Dad grabbed the other handle and they started walking towards the road, sandwiches rustling in greaseproof paper and bottles clinking.
‘Have you always lived here Tracy?’ asked Mum.
‘I was born here,’ said Tracy. ‘Well, not exactly here. We used to live inland a bit, near Crocodile Falls
.’
Keith felt the blood drain from most of his body.
‘Why’s it called Crocodile Falls?’ asked Dad.
This is it, thought Keith, in two seconds we’ll be running back to the caravan.
‘Cause the rocks at the bottom are so jagged,’ said Tracy.
Thank God, thought Keith.
‘Like teeth,’ said Tracy.
Enough, thought Keith, don’t go on.
He looked up and saw Tracy giving him a little grin.
They were almost at the beach.
‘If we’re going to the beach,’ said Dad, ‘I’ll have to go back. I’ve forgotten my swimming trunks.’
‘We’re not going to the beach,’ said Keith hastily. ‘Tracy’s got somewhere better.’
‘It’s along here,’ said Tracy.
They walked along the road, past the shop, and kept on going.
‘Hope it’s not much further,’ said Mum. ‘It’s getting a bit hot.’
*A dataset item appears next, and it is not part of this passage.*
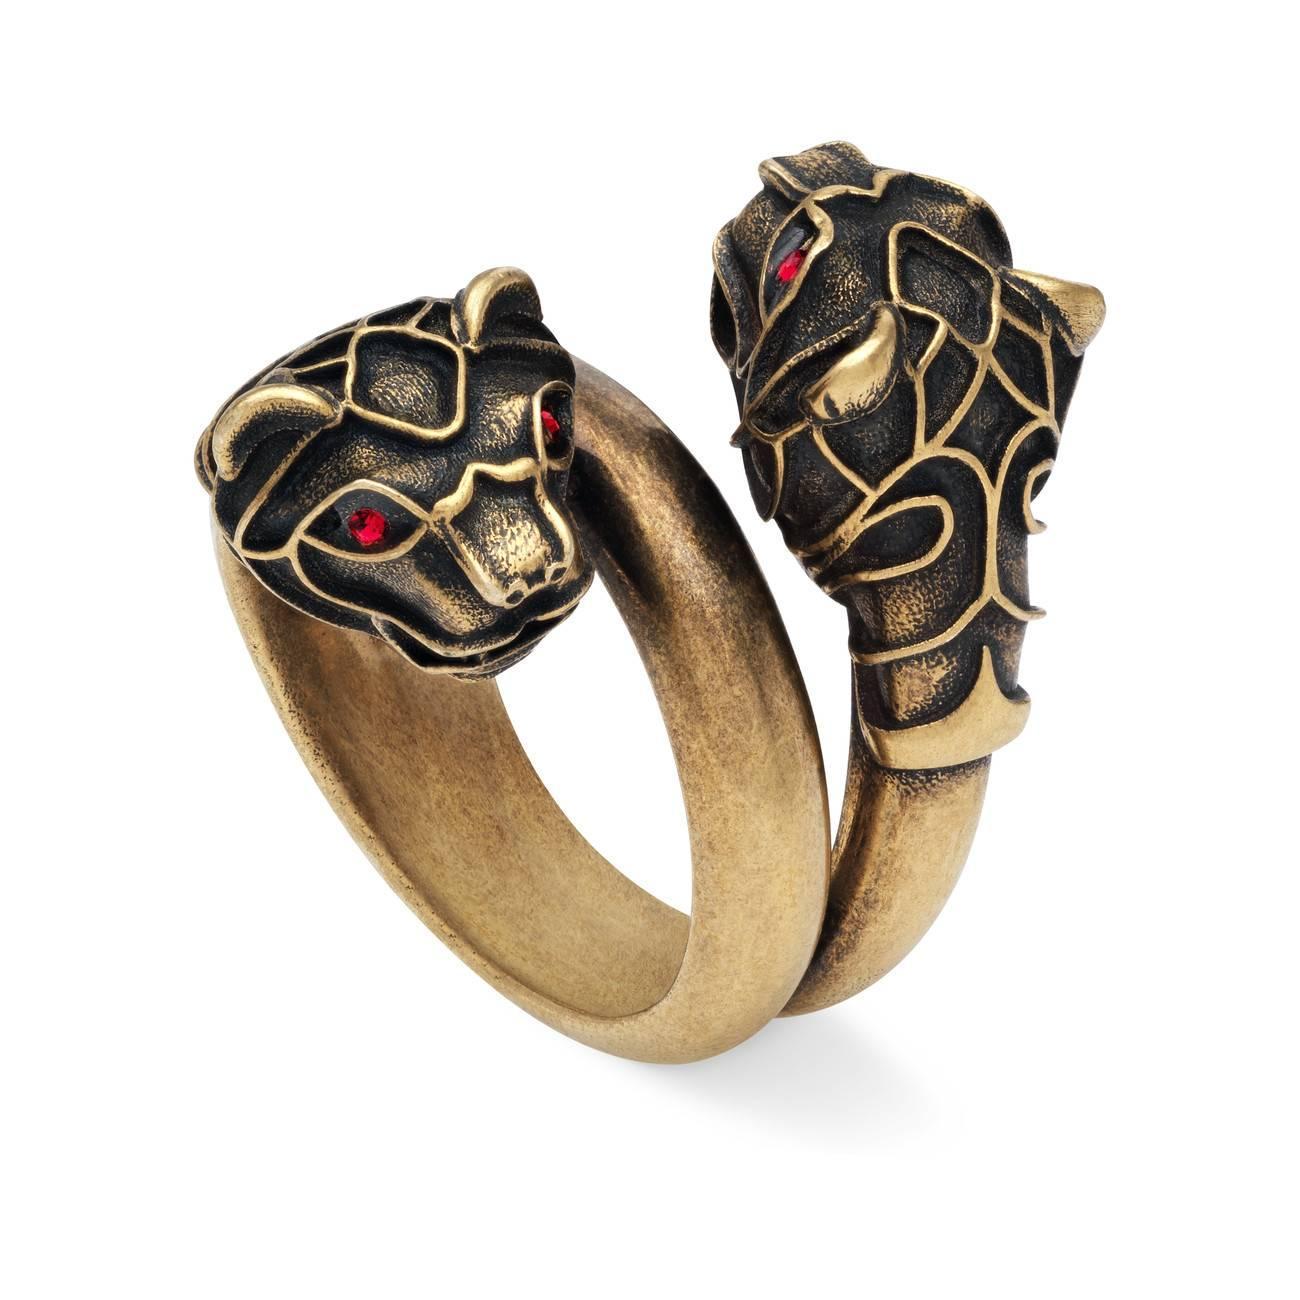 f74f68aedbb0b3 Gucci - Metallic Tiger Head Ring - Lyst. View fullscreen

‘Nearly there,’ said Tracy.
Keith had one more go at wishing the day was over and he was in bed.
Still no good.
Tracy led them into the grounds of the Orchid Cove State School. They walked across the dusty playground and past the white wooden school building.
Behind the school was a playing field, mown into an oval and scorched yellow by the sun. In one corner was a metal climbing frame. Tracy stopped next to it.
‘Here we are,’ she said. ‘Don’t climb on it, you’ll burn your hands.’
‘Isn’t it a great spot?’ said Keith. He unfolded the tarpaulin Tracy’s dad had lent them and heaved it over the top of the climbing frame.
‘See,’ he said, ‘shade twenty-four hours a day.’
He and Tracy crawled inside and started unpacking the picnic things.
Keith risked a glance up at Mum and Dad.
Dad was staring as if he’d never seen a climbing frame with a tarpaulin over it before.
Mum was looking a bit doubtful too. Then suddenly she grinned. And chuckled. And put her arm round Dad.
‘They said it’d be a surprise,’ she laughed. ‘I’m surprised, are you surprised?’
Dad broke into a grin too. ‘I’m very surprised,’ he said.
Keith felt his heart start to slow down. He wondered if all this stress was going to catch up with him later in life.